Barista's Book Group
When: Every Third Wednesday at 7 p.m.
Where: Plaza Branch
Contact: Diana Hyle at 816.701.3481
2012 Schedule
January 18
Winter's Bone by Daniel Woodrell.
Sixteen-year-old Ree Dolly's father has disappeared. It's nothing new – but this time he's out on bail for cooking crank, and if he doesn't show for his hearing, the county will take the house Ree shares with her young brothers and a mother who is barely sane. Ree is determined to find her father, and tracks him through the Ozark snowdrifts and up and down rutted mountain roads – and through the people she hopes will have seen him: fellow meth dealers, old girlfriends, and the legions of Dolly kith and kin both inside and outside the law.
February 15
The Hunger Games by Suzanne Collins.
In the ruins of a place once known as North America lies the nation of Panem, a shining Capitol surrounded by 12 outlying districts. Long ago, the districts waged war on the Capitol and were defeated. As part of the surrender terms, each district agreed to send one boy and one girl to appear in an annual televised event called, "The Hunger Games," a fight to the death on live TV. Sixteen-year-old Katniss Everdeen, who lives alone with her mother and younger sister, regards it as a death sentence when she is forced to represent her district in the games.
March 21
Black Water Rising by Attica Locke.
Houston lawyer Jay Porter runs a floundering small-time practice – but his financial fate becomes the least of his worries after he rescues a floundering woman from drowning in the Buffalo Bayou. Suddenly, trouble comes for Jay from all sides as he investigates a murder near the bayou that leads him to the doorsteps of Houston’s elite and onto secreted oil fields. Despite escalating threats, Jay refuses to involve the police – certain that his past as a Civil Rights activist alongside Stoakly Carmichael as well as his own narrow acquittal from murder charges would bring down the law on him.
April 18
The Devil in the White City by Erik Larson.

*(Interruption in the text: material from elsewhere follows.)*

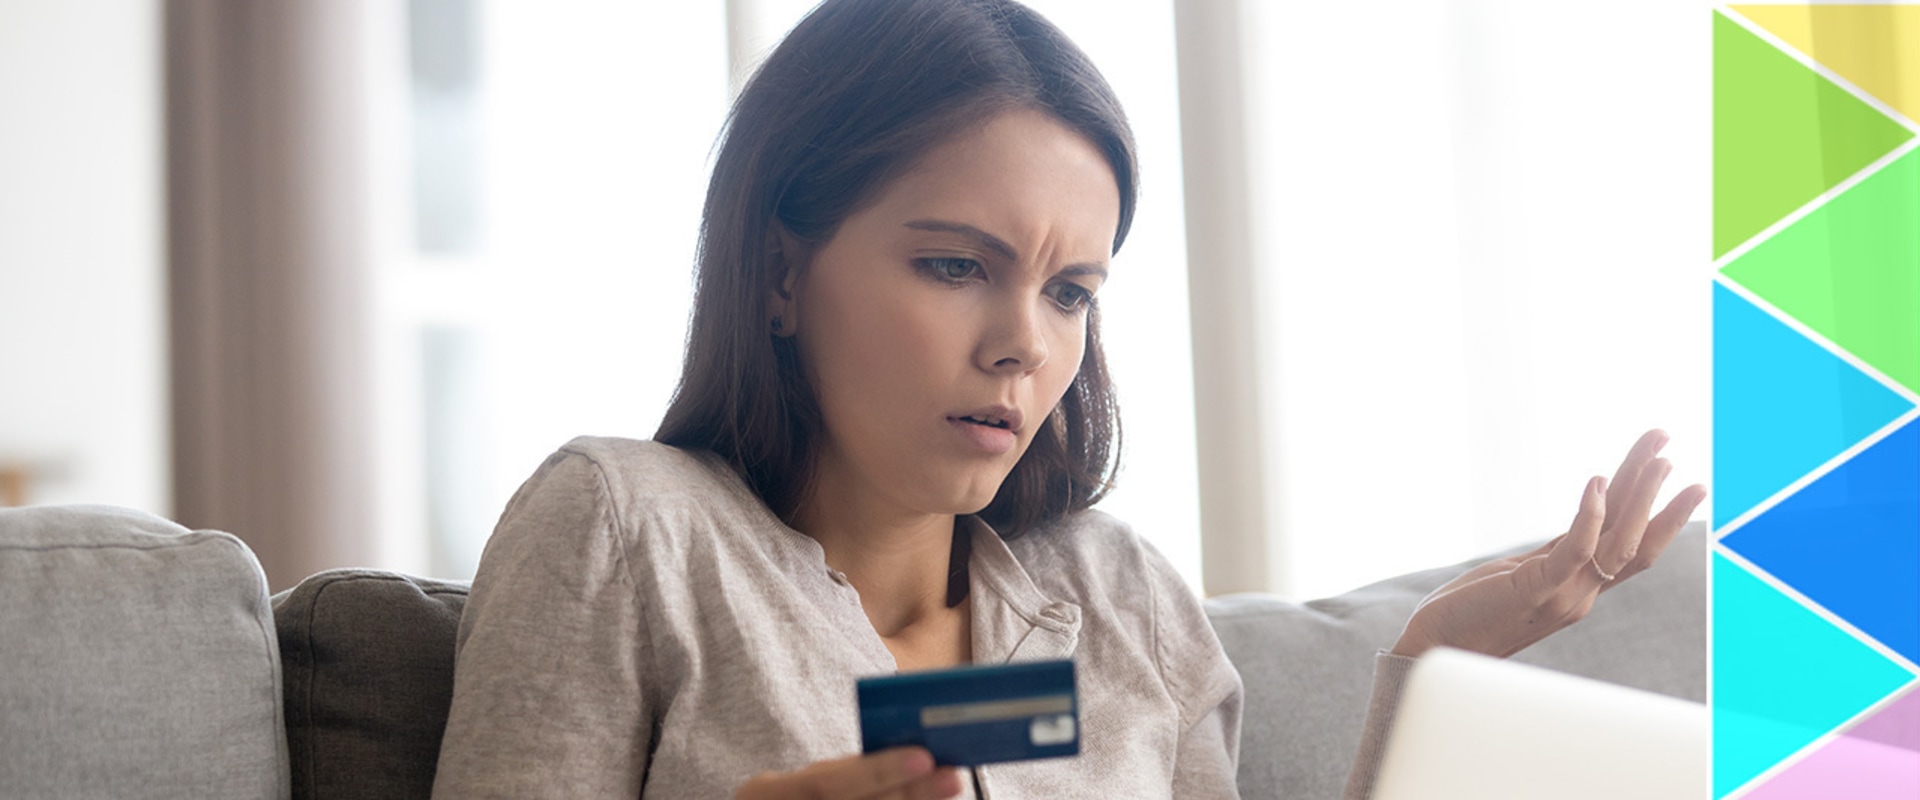 Secure Your Credit Card Payments: Tips for Online Shopping Safety

Amid the great triumphs and notable persons attracted to the Chicago World’s Fair in 1893, there also came a serial killer – lured by anonymity afforded by a dense sprawl populated by millions of tourists. While famed architect Daniel Hudson Burnham constructed a 600-acre urban fairground, the self-named H.H. Holmes built a more infamous career, dismembering an estimated 200 young women over six months while the jubilee raged. Larson offers a seamless yet bifurcated story of inspiring artistic vision and gross depravity by focusing on the master builder whose greatest work became a pristine playground for a master killer.
Previous Reads:
December 2011 Origins of the Specious by Patricia T. O'Conner and Stewart Kellerman.
November 2011 Agaat by Marlene Van Niekerk.
October 2011 Just Like Us by Helen Thorpe.
September 2011 The Absolutely True Diary of a Part-Time Indian by Sherman Alexie.
August 2011 In Cold Blood by Truman Capote.
July 2011 The Selected Works of T.S. Spivet by Reif Larsen.
June 2011 Neverwhere by Neil Gaiman.
May 2011 Room by Emma Donoghue.
April 2011 Assassination Vacation by Sarah Vowell.
March 2011 The Road by Cormac McCarthy.
February 2011 Never Let Me Go by Kazuo Ishiguro.
January 2011 Half Broke Horses by Jeannette Walls.